Jamie Lee Curtis does a pretty gosh darn erotic striptease — which was all fun and games except I was sitting right next to my mom in the theater. Have you ever been a 14-year-old boy bursting with more hormones than a Monsanto cornfield? It’s hard to pretend like you’re not enjoying something as you’re enjoying it, but feeling guilty about hiding your boner at the same time.

It’s probably the first and last time I’ve thought, “I wish there was less nudity and more of Arnold’s acting.”

Then I rented “American Beauty.” I thought Mom would like to see and discuss a nice character-driven flick. Why not? The first scene is Kevin Spacey jacking off in the shower. Yep. Kind of a weird conversation starter.

I tried to get her to watch “Silver Linings Playbook,” but she thought it was stupid. I wanted her to like “Casino Royale,” but she likes Sean Connery a lot more than Daniel Craig. I mean, everybody likes their own generation’s Bond, but still, Daniel Craig. C’mon, Mom. While she kind of enjoyed the new “Jungle Book,” she really preferred the cartoon version. Fair enough.

But she taught me that not everything you watch needs to be a film. When we toured London, she wanted to see some plays, performances and musicals. I prepped myself to be incredibly bored, so I drank a bit too much Earl Grey and charged my phone so I could catch up on Facebook.

We attended “Murder on the Orient Express,” which is the longest-running show in London and written by some lady named Agatha Christie, who’s famous or something. In order to make it interesting, we bet a pound on who the killer was. I lost, but the little gamble was a blast.

She picked “Riverdance 2” over “Lion King,” “War Horse” and some others. My mom loves Irish stuff, so this seemed logical. Well, let me tell you, the sequel is absolutely the dumbest thing I’ve ever seen. Spoiler alert: Darth Maul terrorizes a fairy until Daft Punk’s version of Thor defeats him in a riverdance off.

And then there was “Jersey Boys.” I knew nothing of it, but my mom led me to believe it’s a musical about gangsters. What I witnessed was my mom being happier than I’ve seen her in ages.

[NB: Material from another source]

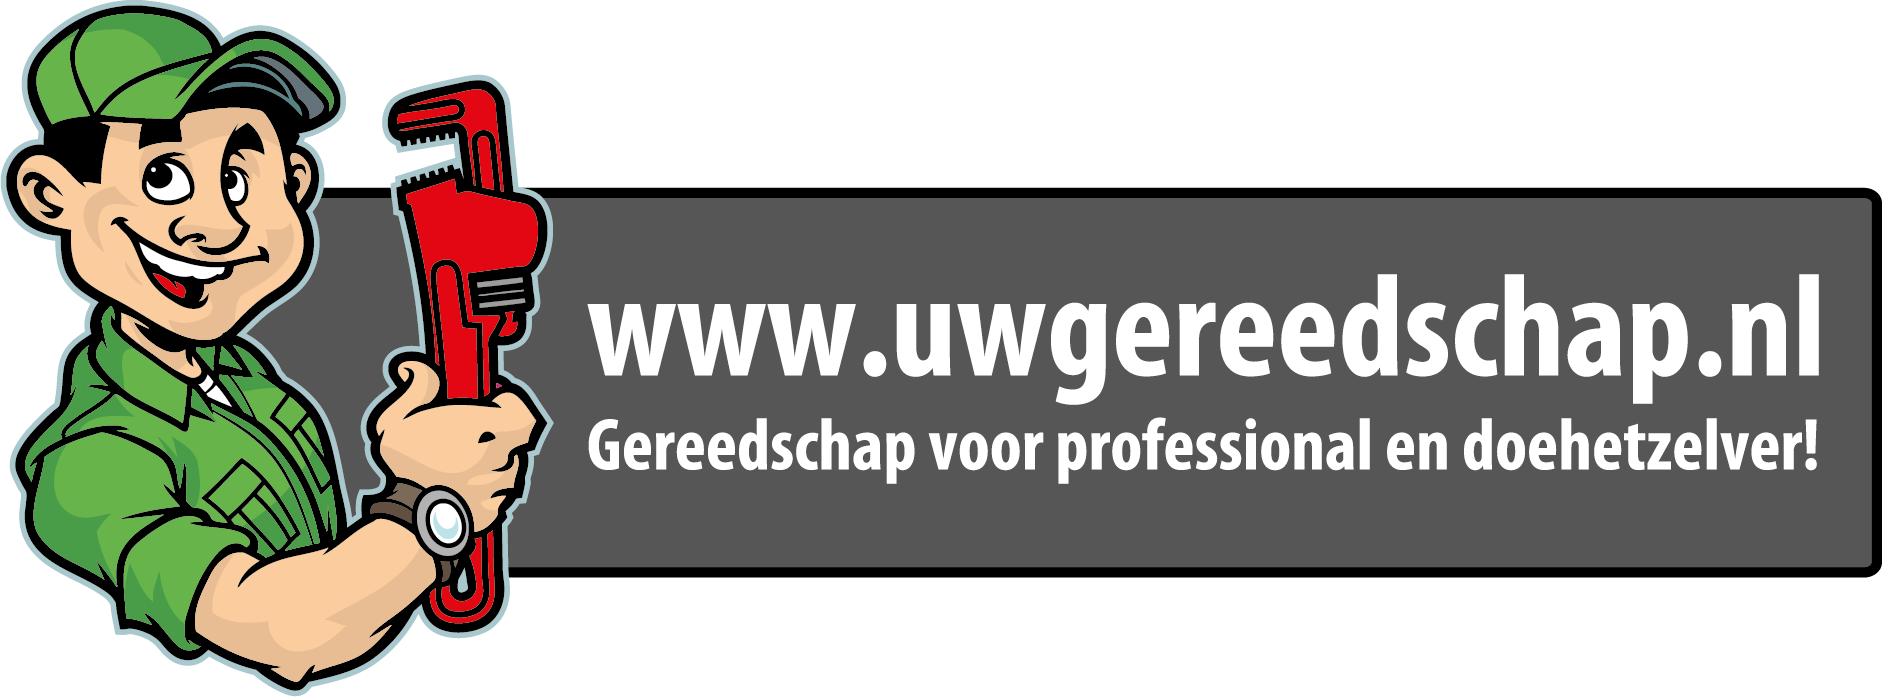 Bezoek Uwgereedschap.nl

She kept turning to me with joyful tears saying things like, “I remember watching that episode of the Ed Sullivan Show with the Four Seasons” and “That was one of my first records.”

Yeah, I lied so I could hear Rick Moranis as Dark Helmet cuss about everything Schwartz related, but ages later, my mom and I shared a perfect moment during a musical about her favorite band. I’d say that’s a good trade-off.